Capital Region

School districts still working out lead fixes

Progress varies between schools, districts
This drinking fountain covered with plastic was photographed in a hallway at Schenectady High School on Tuesday.
PHOTOGRAPHER:
This drinking fountain covered with plastic was photographed in a hallway at Schenectady High School on Tuesday.

Over a year after school districts tested the lead-concentration levels of school water sources, some districts are still fixing fountains or permanently removing them from use.

After dozens of water sources tested above state standards – a mirror of federal EPA limits – at schools across the region, officials shut off access to contaminated sources and offered students access to bottled water.

In the year since the results came in, districts have replaced faucets, pipes and entire drinking fountains. They have placed “non-drinking” signs above sinks in science labs and bathrooms and have removed entire fountains that were deemed not worth fixing.

“We replaced a lot of things over the summer to get clean readings,” Scotia-Glenville spokesman Bob Hanlon said Tuesday.

The district, which had over 170 water sources test above limits, removed one drinking fountain entirely and gradually repaired or shut off access to the other sources that didn’t meet targets.

On Wednesday morning, the district received word that their final two water sources registered lead levels within the state standards, kitchen sinks at Sacandaga and Glendaal elementary schools, Hanlon said.

In Schenectady schools, where just 10 elementary school water samples came in above the EPA limits, all fountains and sinks in elementary schools have been fixed, re-tested and are back in use, Superintendent Larry Spring said.

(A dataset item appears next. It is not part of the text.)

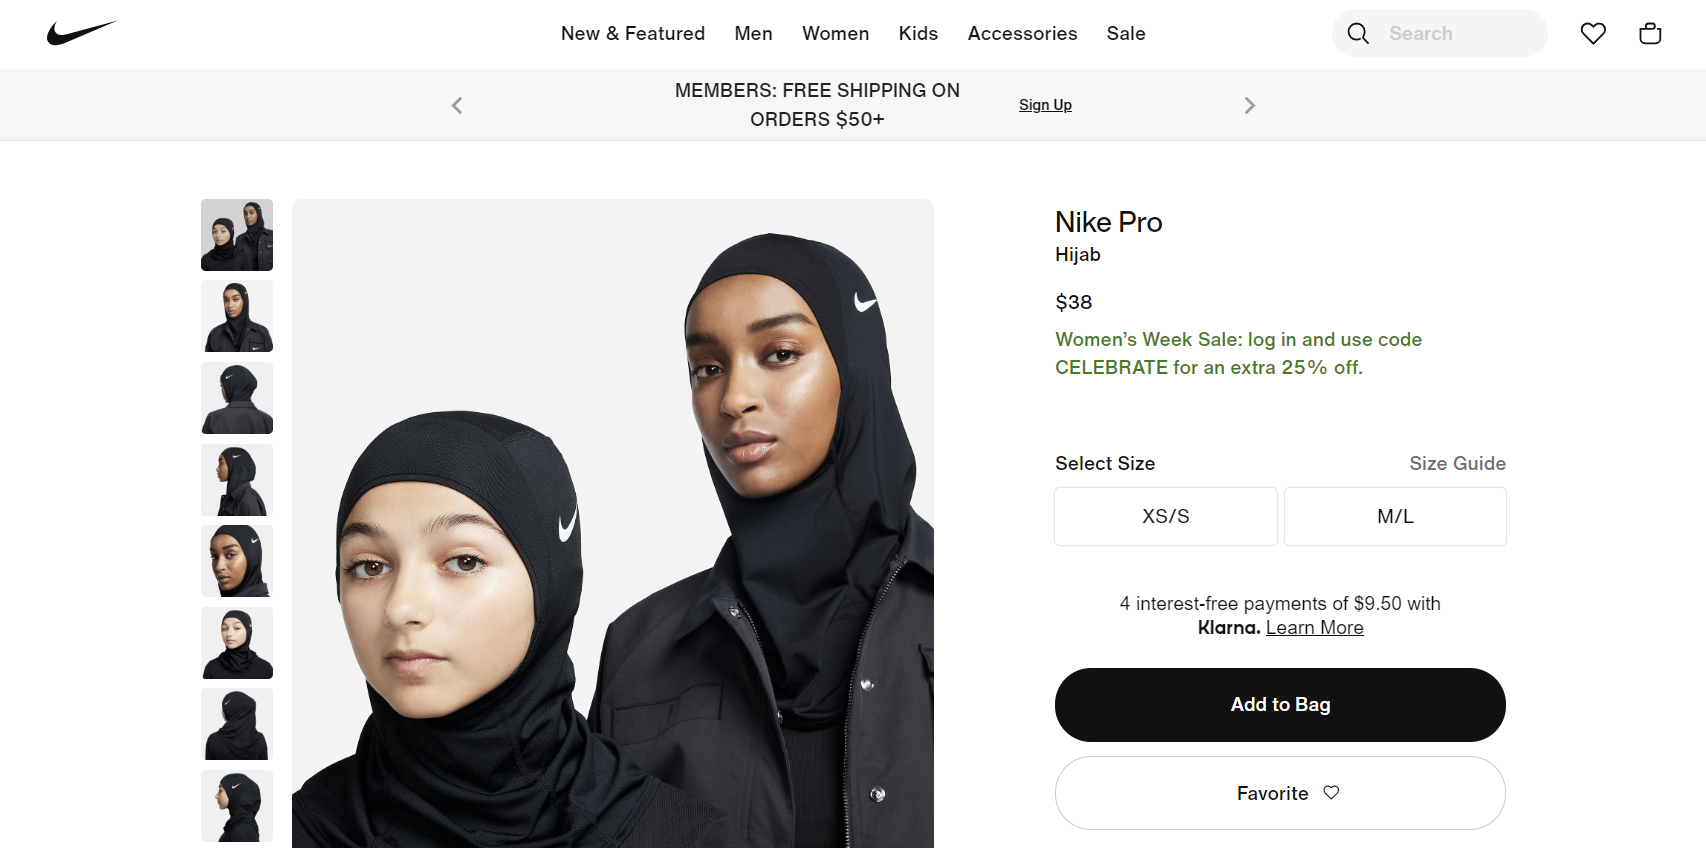 Two models wearing Nike Pro Hijabs posing for a sportswear line
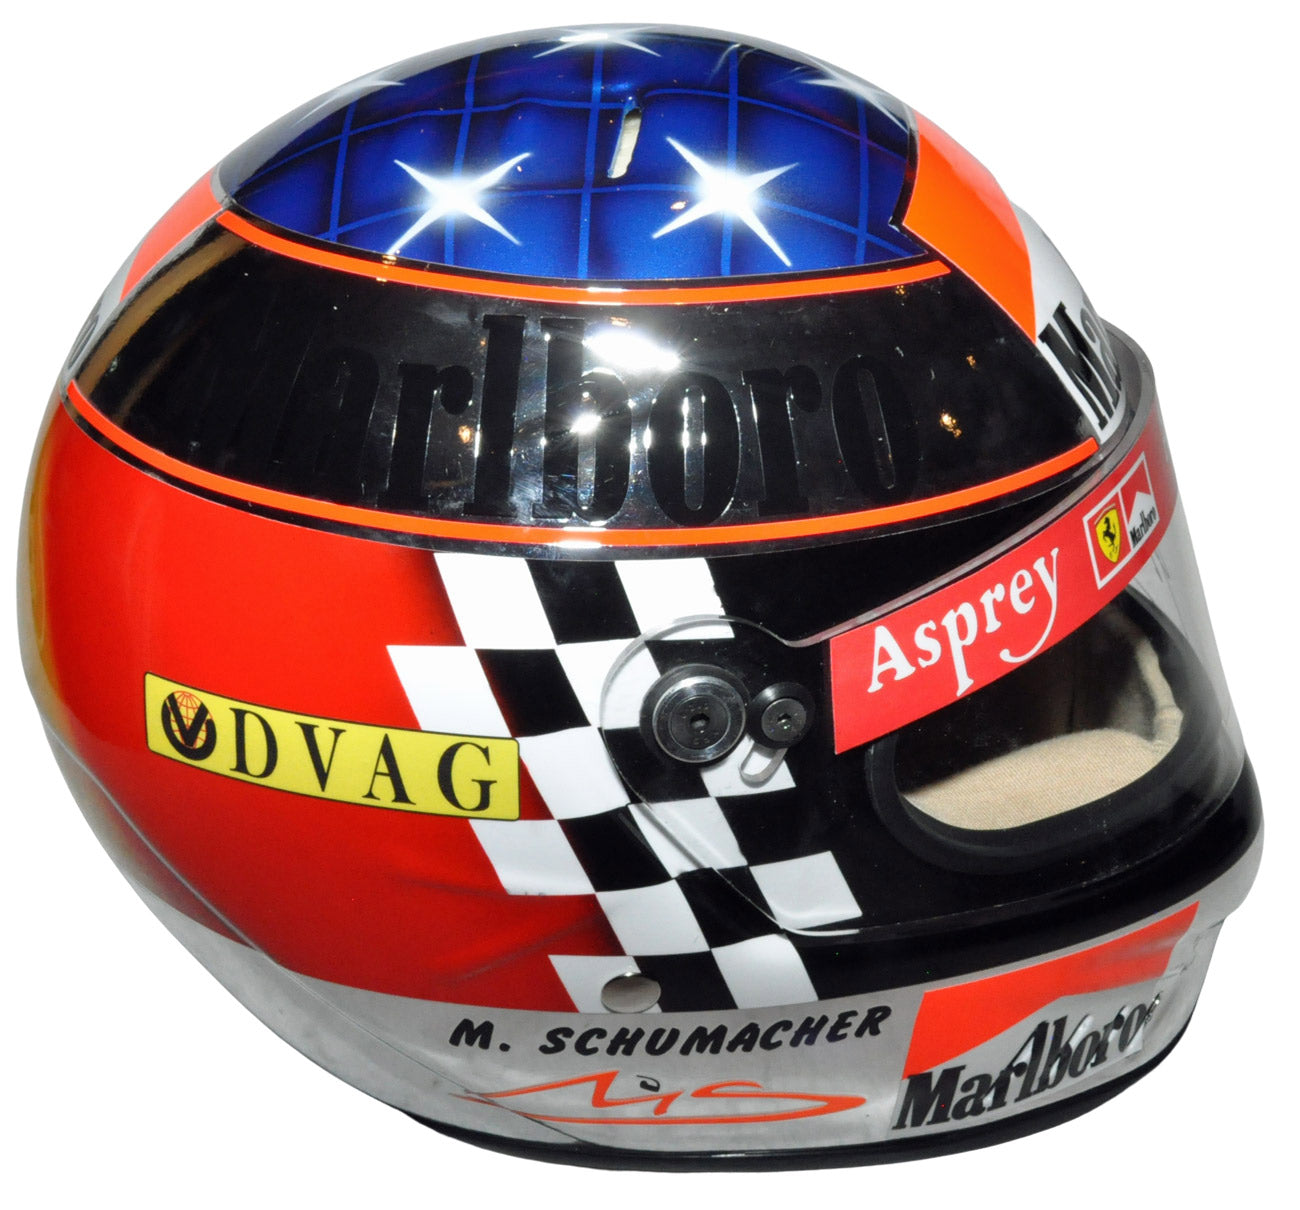 Michael Schumacher Signed Ferrari 1998 Japan F1 Grand Prix Full Scale Replica Helmet

But the district is still working to replace the faucets and piping on dozens of water sources at four schools: Schenectady High School, Mont Pleasant Middle School, Steinmetz Academy and Washington Irving.

At the high school, over 80 water sources still need to be repaired before they can be used for drinking. Some of those water sources, like bathrooms sinks or in science labs, aren’t used for drinking. But they will ultimately be repaired, Spring said. At Mont Pleasant, around 20 outlets need to be repaired; there are another 20 sinks combined that still need to be repaired at Steinmetz and Washington Irving.

“We are remediating all of them,” Spring said.

Spring said the equipment to make the repairs is on site and the district plans to hire an independent contractor to finish the work in the next few weeks.

In Saratoga Springs schools, 50 water sources were still in the process of being fixed and retested, district spokeswoman Maura Manny said this week. Of those 50 sources three were drinking fountains, which were the focus of the most immediate repairs. Drinking fountains that tested above the allowed limits have been replaced with new units that have carbon filters for lead, Manny said.

Some districts aren’t replacing the faucets of sinks that tested above limits but are not considered drinking sources. Those sinks are primarily in science labs, janitors’ rooms and on the outside of school buildings and have been posted with signs that indicate they are not drinking sources. Faucets in Niskayuna and Mohonasen fall in this category, according to spokespeople from those districts.

In Niskayuna, all bathroom sinks are now in use, while six science lab faucets at Iroquois Middle School have been posted as not for drinking and a Rosendale art room faucet is in the process of being capped, district spokesman Matt Leon said.

Other districts reported that they had finished all of the work of repairing water sources. Shenedehowa schools finished the work last year.

“Nothing left to remediate,” Schalmont spokesman Bill DeVoe wrote in an email this week. “Non-drinking fixtures are signed and unused fixtures are shut off.”

While districts won’t be required to test all water sources again until 2020 – a state law required the first round of complete testing be done by October 2016 – Spring suggested Schenectady schools would consider more regular testing.

“Once we get the fixtures replaced, we will start talking about what is our scope of testing and frequency,” he said.